Content starts
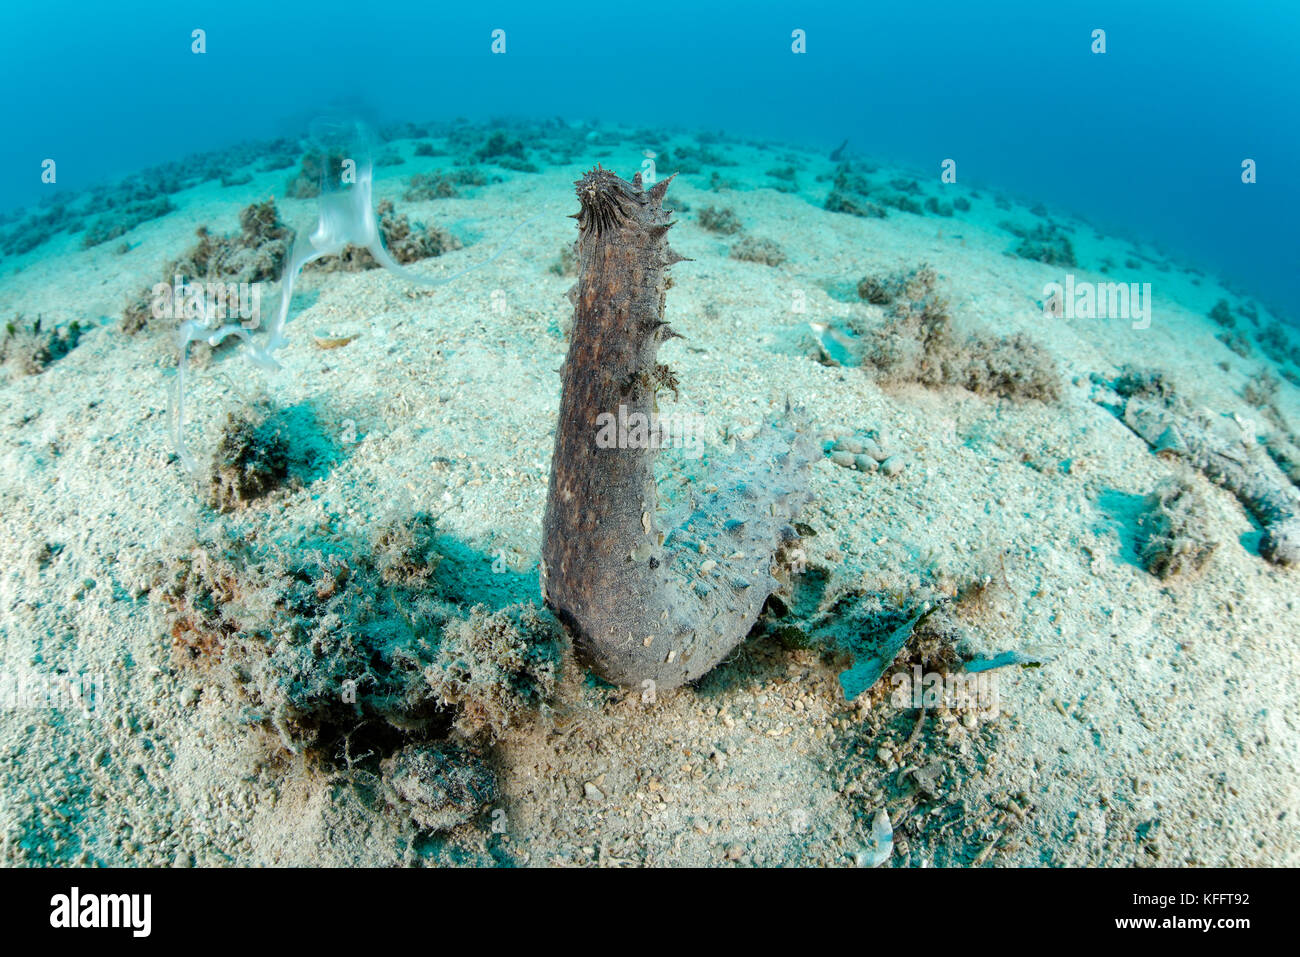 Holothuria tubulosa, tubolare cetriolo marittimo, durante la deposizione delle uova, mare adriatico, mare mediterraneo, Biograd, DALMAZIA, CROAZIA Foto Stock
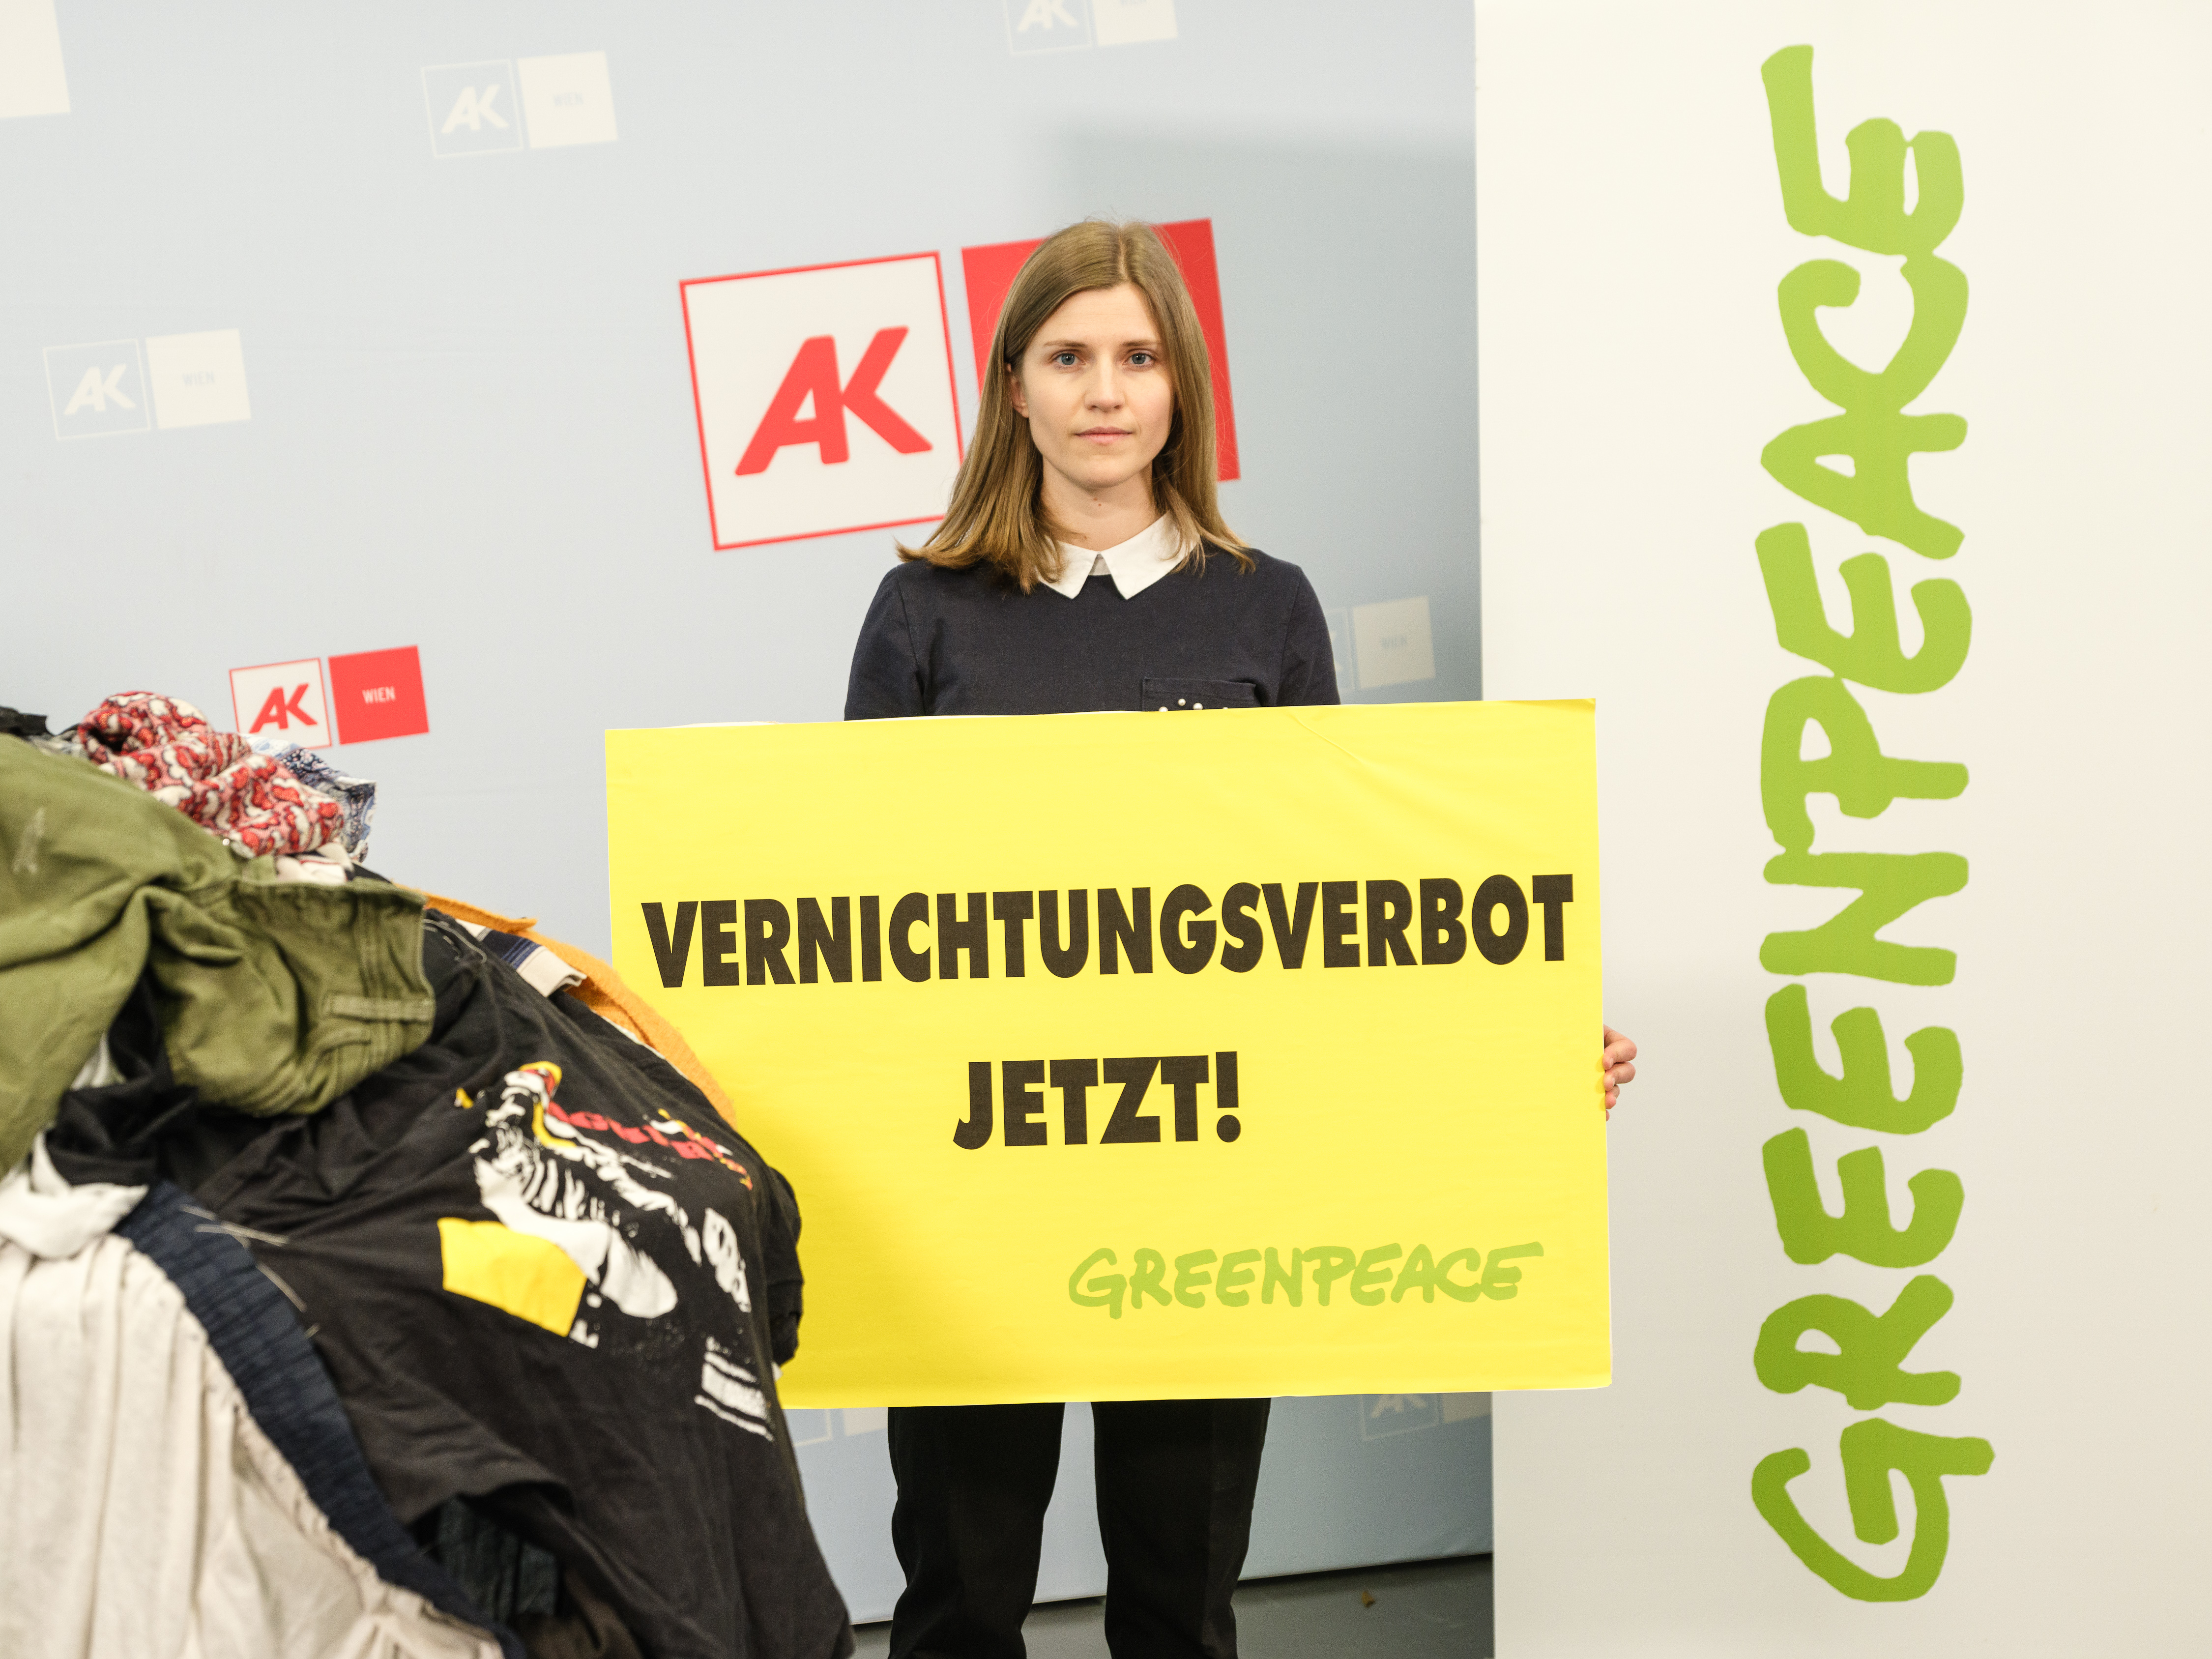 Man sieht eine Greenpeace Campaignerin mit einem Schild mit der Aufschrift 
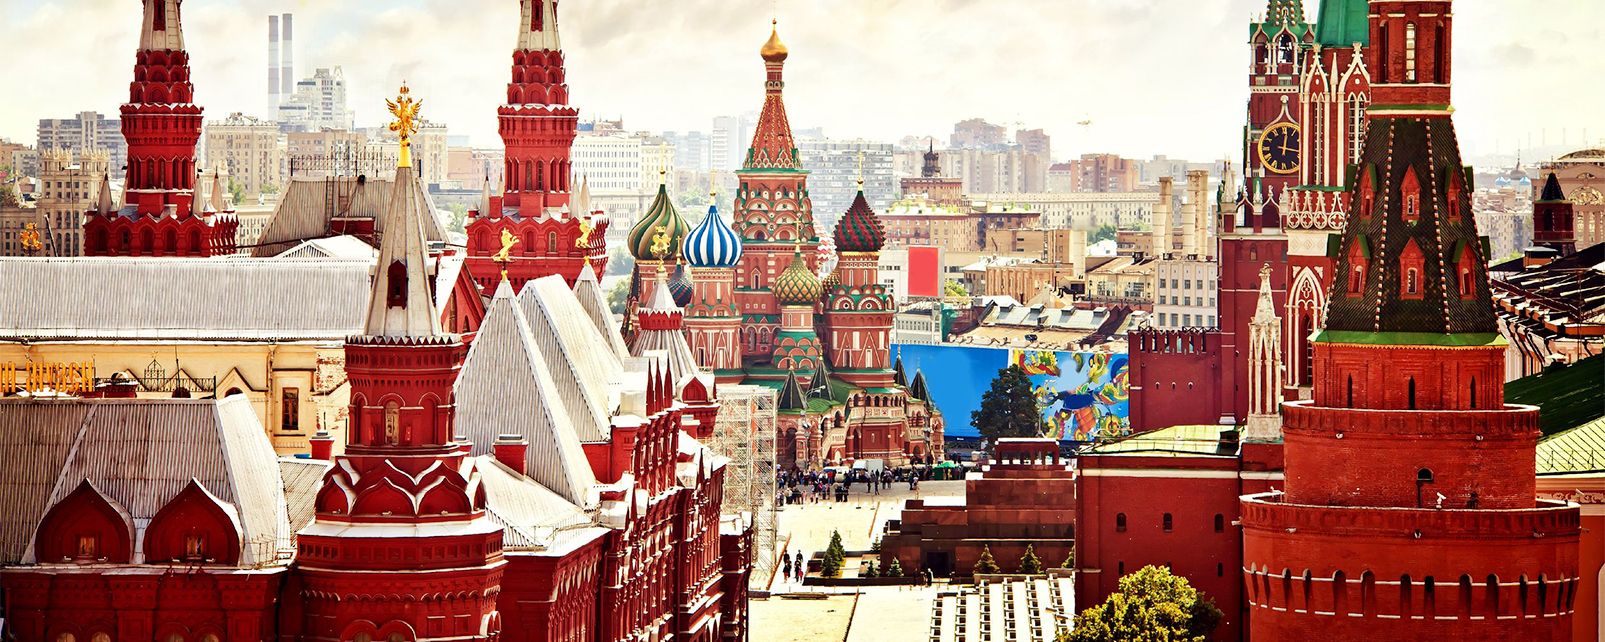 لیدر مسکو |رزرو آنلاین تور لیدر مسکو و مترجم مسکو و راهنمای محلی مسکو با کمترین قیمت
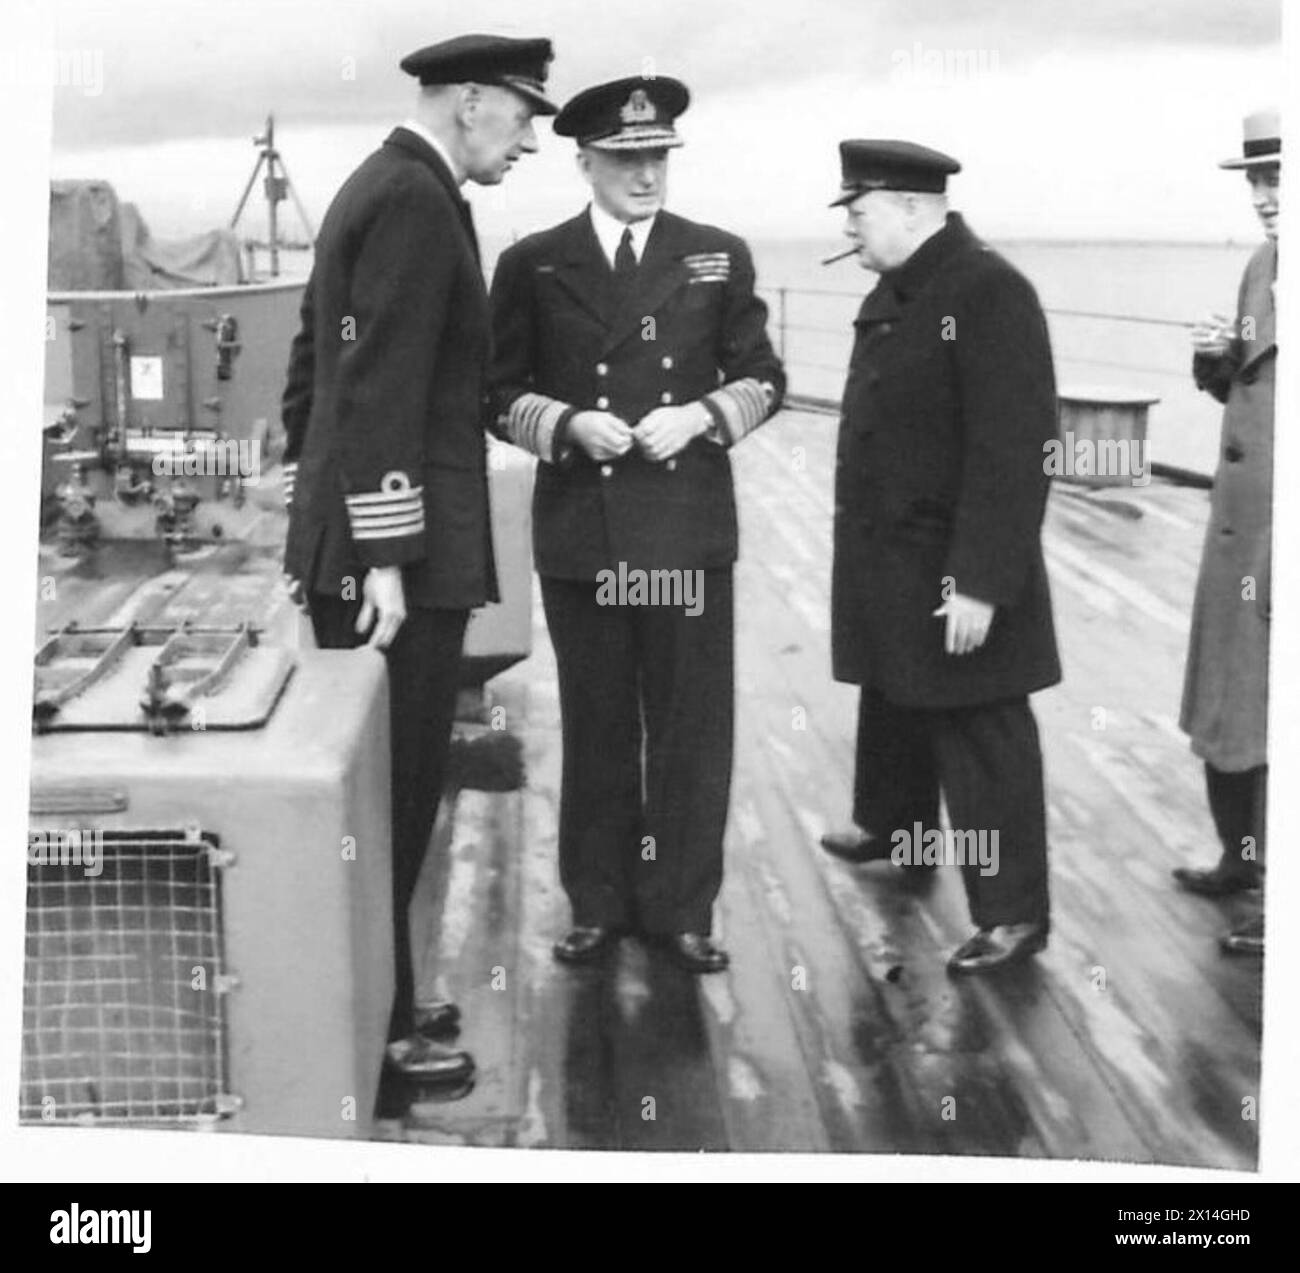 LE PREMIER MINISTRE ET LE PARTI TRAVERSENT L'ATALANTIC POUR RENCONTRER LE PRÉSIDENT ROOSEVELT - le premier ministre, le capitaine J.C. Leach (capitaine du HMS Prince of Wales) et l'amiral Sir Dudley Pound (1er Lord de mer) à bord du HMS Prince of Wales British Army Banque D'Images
Content ends
● Task to complete
Write out all the material verbatim, images excluded.

● Response below
 Holothuria tubulosa, tubolare cetriolo marittimo, durante la deposizione delle uova, mare adriatico, mare mediterraneo, Biograd, DALMAZIA, CROAZIA Foto Stock
 Man sieht eine Greenpeace Campaignerin mit einem Schild mit der Aufschrift 
 لیدر مسکو |رزرو آنلاین تور لیدر مسکو و مترجم مسکو و راهنمای محلی مسکو با کمترین قیمت
 LE PREMIER MINISTRE ET LE PARTI TRAVERSENT L'ATALANTIC POUR RENCONTRER LE PRÉSIDENT ROOSEVELT - le premier ministre, le capitaine J.C. Leach (capitaine du HMS Prince of Wales) et l'amiral Sir Dudley Pound (1er Lord de mer) à bord du HMS Prince of Wales British Army Banque D'Images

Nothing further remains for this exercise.